Never knowingly undersolved.

Independent 7007 by Nimrod

Posted by nmsindy on April 1st, 2009


A very good puzzle for April Fool’s Day by Nimrod.     Very tough, solving time, 66 mins.   There’s a Nina  which I refer to after the clue explanations.

* = anagram


6 PAUL   Robbing Peter to pay Paul, as in proverb.  Peter = safe.    I liked this.

7 GET THE CHOP    Double definition I got early on.

9 IVOR(y)

10 OR TH (OPTER) A   (hat)*    Cockroaches.   Order a very brief definition, but fair

12 SE (A) TTLE     There’s a University of Washington in Seattle, Google confirms

13 SORT OUT   Double definition with excellent surface reading

14 NO-W IN    I liked this, but trust it does not refer to Barack at this early stage of his presidency…

16 SON   Empty tin = SN (symbol for tin) with O in it.     I got this only near the end, but it seems so obvious when you see it.

18 I ON IC(e)

19 A (LSO) RAN   Aran Islands off West coast of Ireland.   London Symphony Orchestra (players)

21 I’LL WILL (leave i.e. bequeathe)

23 R(O)AD RUNNER   Hard

24 DEMO   Hidden

25 LARCENISTS   (clean stirs)*   rhyming slang  tea leaves = thieves

26 STYE   Hidden &lit


1 C (U POLe) A   ca = about    Tough

2 DEBRI (E F) S     Definition:   After the event, reports      Very good



5 SHOEHORN    My last entry   (snore hho)*   Water = H2O

6 POISSON D’AVRIL   April fool – refers to theme   poisson = fish (swimmer) in French

8 PRACTICAL JOKE   (erotic lap Jack)*   Also thematic for the day.


15 WI (SEAC) RE    (case)*

17 NOISETTE    Double definition.  Nutty/hybrid rose.   I got this only when I’d all the crossing letters

20 N (UNCI)O

22 I D(E) ATE

Nina:   As well as the thematic entries in the outermost columns.  APRIL FOOLS DAY can be seen in the diagonal from the A of PAUL to the Y of STYE.   I saw this only at the very end.

8 Responses to “Independent 7007 by Nimrod”

  1. Ali says:

    Jeez, this was tough.

    I very nearly gave up with only half the grid filled, but then spotted the diagonal Nina and that seemed to help me a lot.
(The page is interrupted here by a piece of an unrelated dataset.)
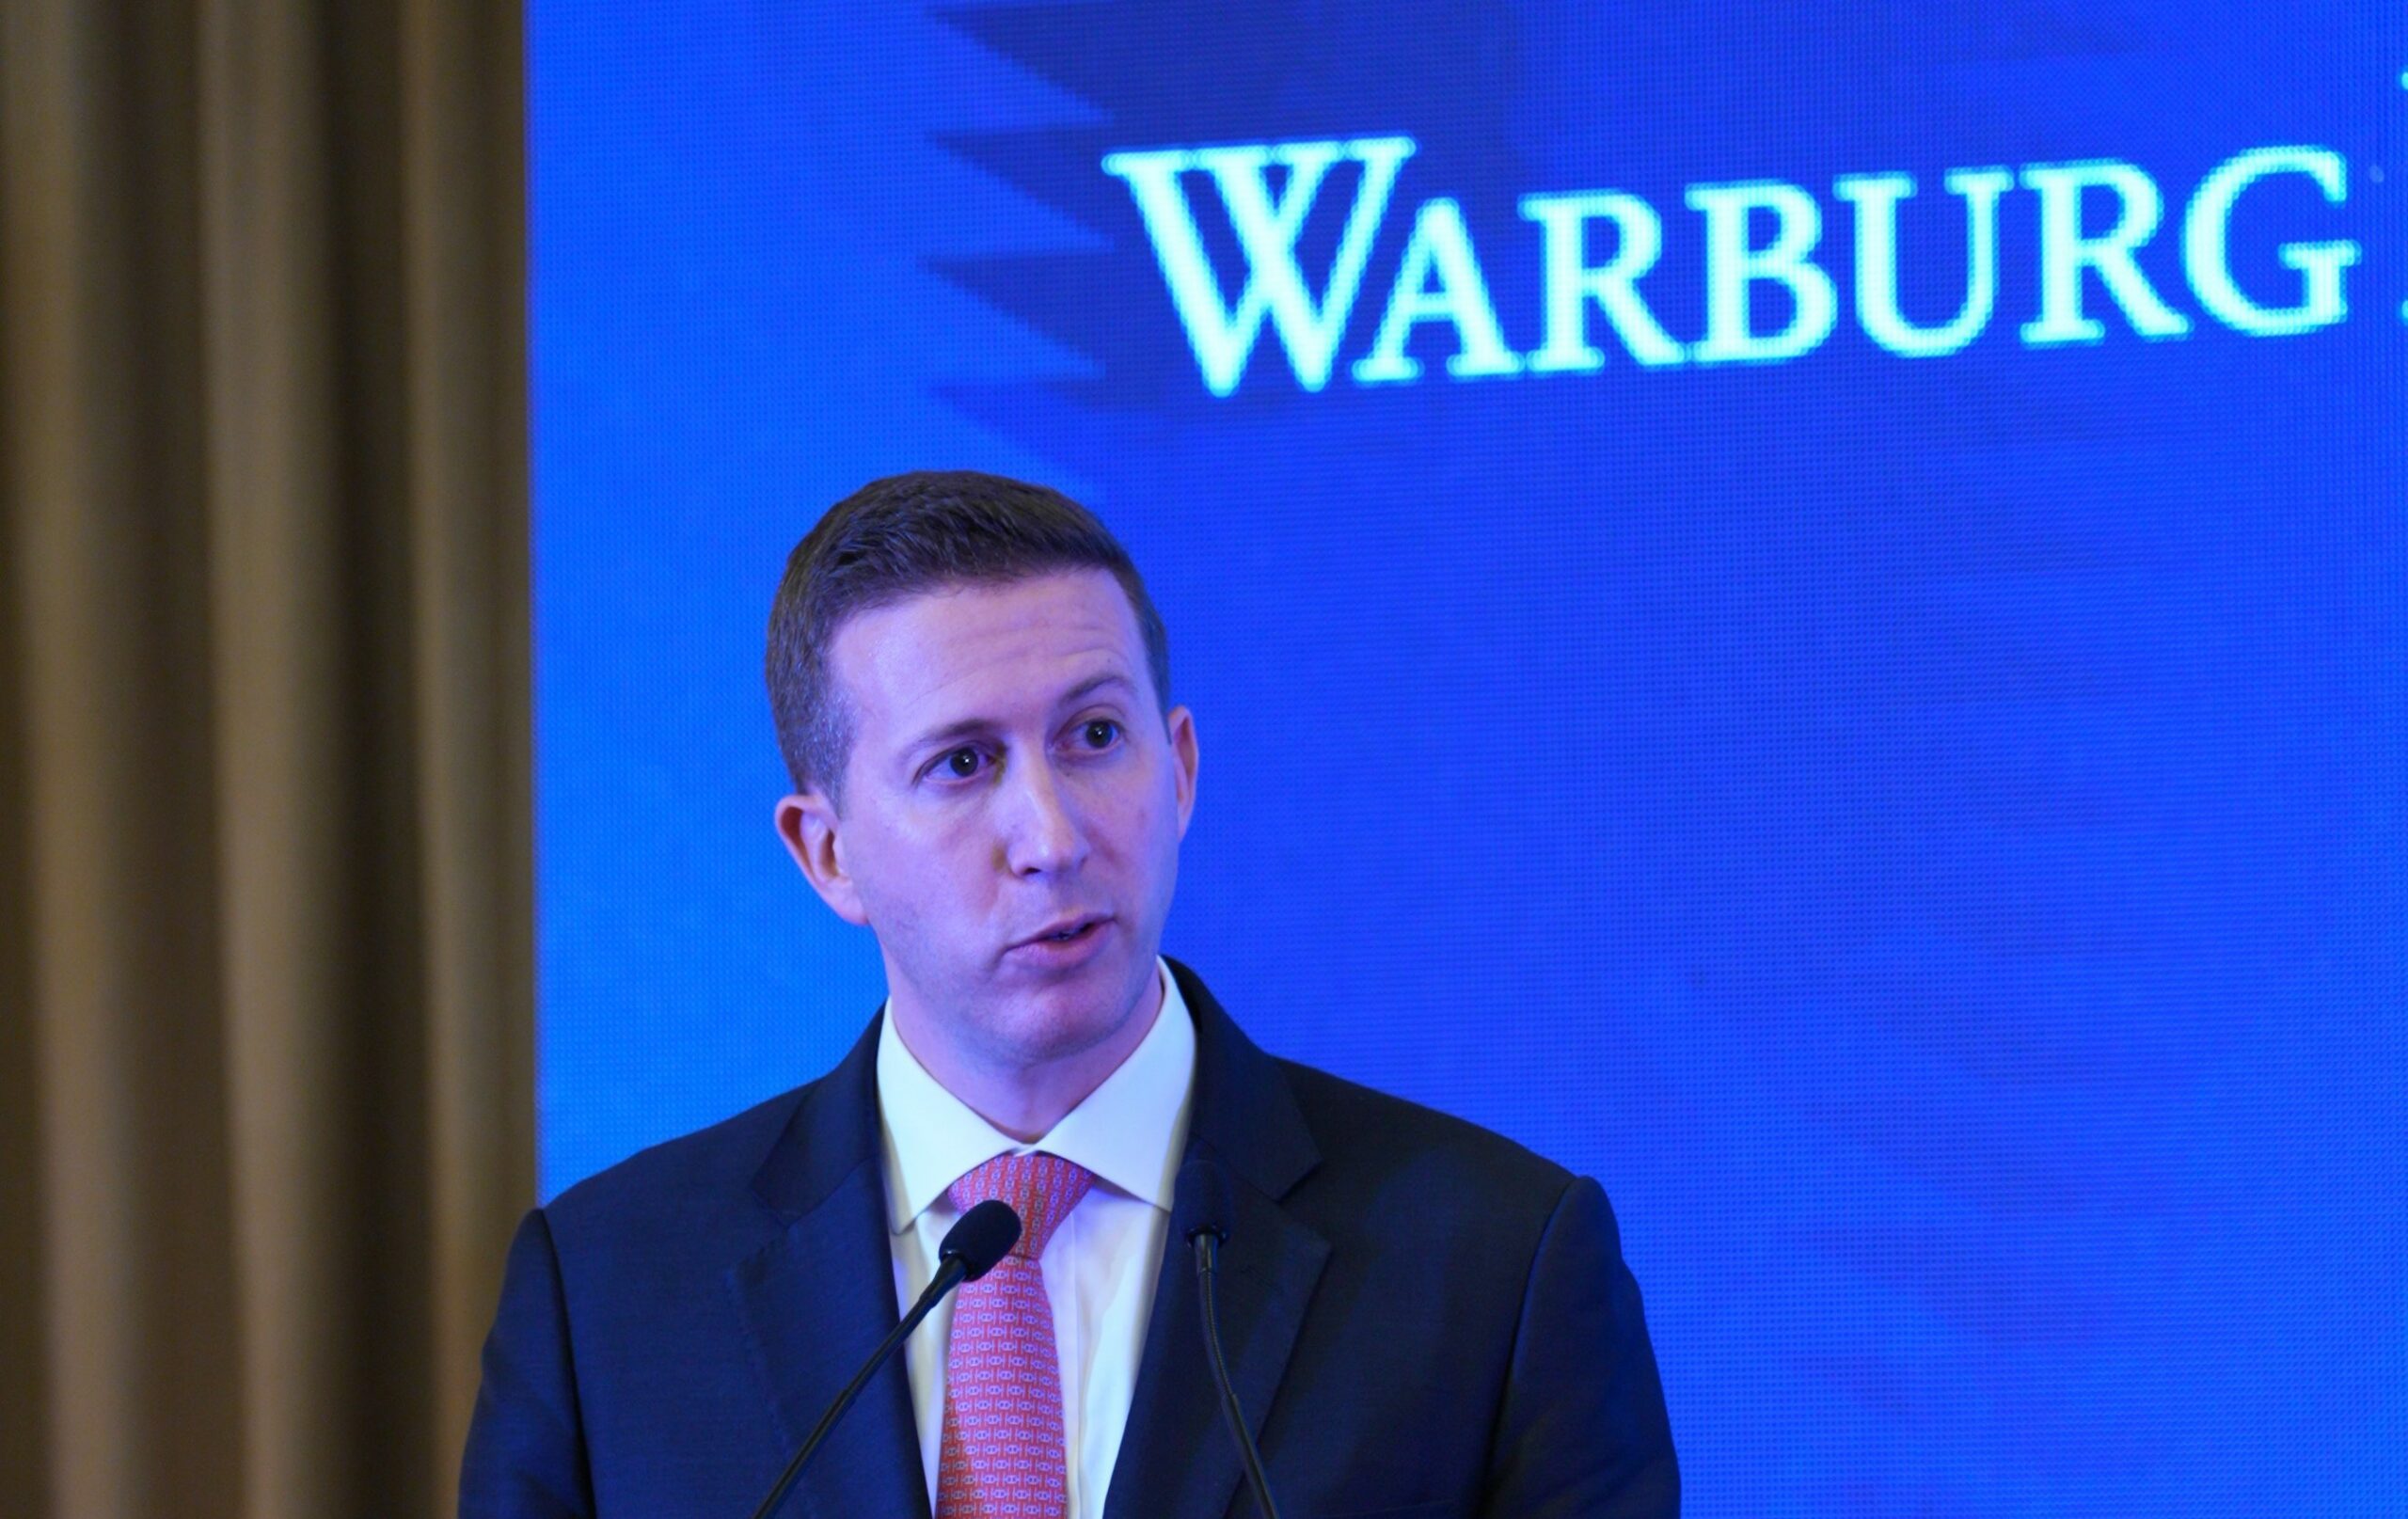 Warburg Pincus sees new opportunities in healthcare, education in Vietnam

Still ended up 5 clues short, but that’s par for the course for me when it comes to Nimrod. Despite having done a French degree, I only knew POISSON D’AVRIL from the Azed comp a while back and needed all the checking letters before I got it. Enjoyed the PAUL clue too.

  2. Ray Folwell says:

    I didn’t manage to finish the NE corner, partly because I put FOR THE CHOP in.
    Failed to spot the Nina as well, I was looking for something across the top and bottom rows.

  3. rightback says:

    Some great clues in here; the Nina certainly helped me finish. ROADRUNNER was my last entry, I spent ages trying to justify ‘rearranged’ or ‘rearranger’.

  4. Wil Ransome says:

    Agreed, Ali. Defeated me, not helped by my failing to see the diagonal Nina. Even now can’t see why ‘Rad’ is a political reformer in 23ac.

    One quibble: 17dn: OK a noisette is a hybrid rose, but it doesn’t mean ‘nutty’ (unless there is some sense in some dictionary of which I am unaware). I don’t like this type of clueing.

  5. Allan_C says:

    Noisette: a nut-like or nut-flavoured sweet (Chambers)

  6. nmsindy says:

    Re Wil’s points at 4, RAD = radical (in politics). Re ‘nutty’, I did look in a number of dicts before posting and while NOISETTE is generally a noun, it was given in a adjectival sense also in at least one.

  7. eimi says:

    Indeed. Collins, the most useful dictionary for Indy puzzles, gives the adjective as its first definition: flavoured or made with hazelnuts, hence, rather unspecifically but still fairly, I think, nutty.

  8. Al Streatfield says:

    “Collins, the most useful dictionary for Indy puzzles…

    This seems rather strange, to my way of thinking. No statistics available, of course, but at a guess, the most popular dictionary for people who do cryptic crosswords is Chambers. (I’ve never had a Collins. The popularity of this has probably increased by the Guardian giving Collins dictionary as its prize).